7/10
A Dispassionate Flourish of Style You're Expected to Watch With a Nonchalant, Half-Sober Feeling of Sardonic Detachment
11 December 2008
The Genji and Heike gangs show down in a settlement named Utah, while a cliché stoic gunman comes to the support of what's left of the community, inspired by Sergio Corbucci's spaghetti western Django. I haven't seen Django, and actually I saw much more candid likeness to Kurosawa's Yojimbo and Sergio Leone's A Fistful of Dollars.

The fast-paced action is well staged on a set that sponges both western and samurai ways of life. Miike jumbles both sensationalized gunplay and martial arts swordplay, which interact solidly in anticipation of the climactic fight, by which time we're practically exhausted. What may be the oddest facet of Miike's western, if you'll accept the odd/Miike redundancy, is his choice to apply a Japanese cast to speak English. It's a curious variety that initially feels like a gimmicky innovation, merely to blend into this aimless entertainment's wacky milieu. Nevertheless, it results keeping the characters two-dimensional and the audience aloof. Quentin Tarantino, who plays a bit role, speaks English as usual but with some gawky, cartoonish twang and tone of voice with the talent of an 11-year-old and no sense of cultural origin and no connection at all to the subject matter, obscure though it may be. I really wish he would either never act again, or learn how to portray a real human being and not some B-movie caricature, which no matter what role he's ever played is what he always does. He measures all of life to B-movie caricature.

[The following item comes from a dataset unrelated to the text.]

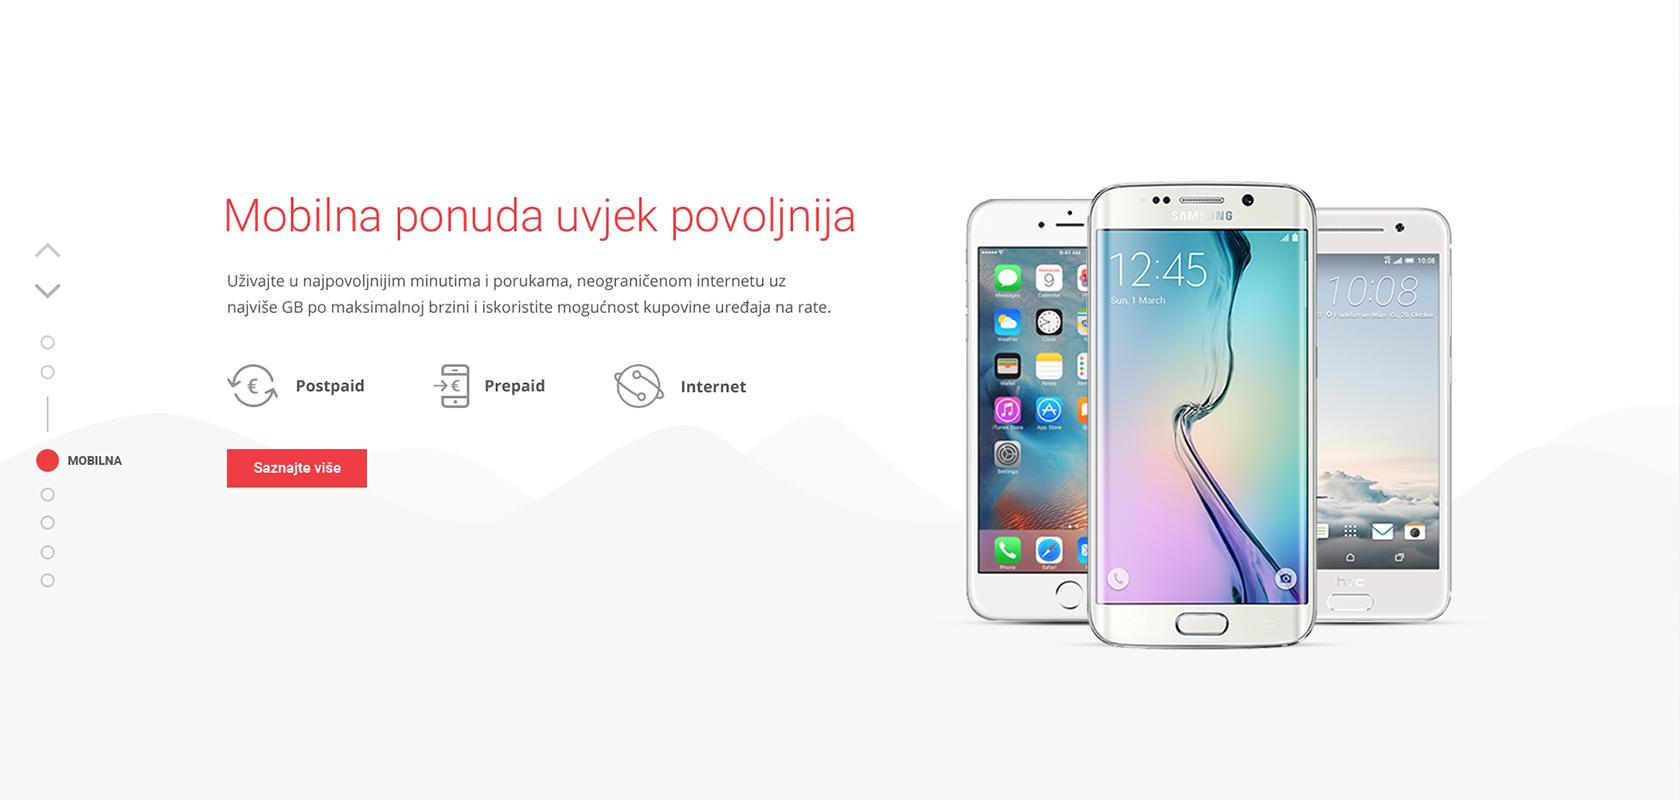 slide_03.png

Miike's typically cynical detachment from his work makes for another one of his zany spectacles, and with stunningly vivid production design. At the end of the day, this dispassionate flourish of style by itself is a very wearing encounter. This is not a film you become absorbed in but instead one that you're expected to watch with a nonchalant, half- sober feeling of sardonic lack of involvement. And some people like to watch movies that way. I don't think Miike has ever made a movie for everyone, even though he's made almost 70 in under 20 years. And for that I admire him.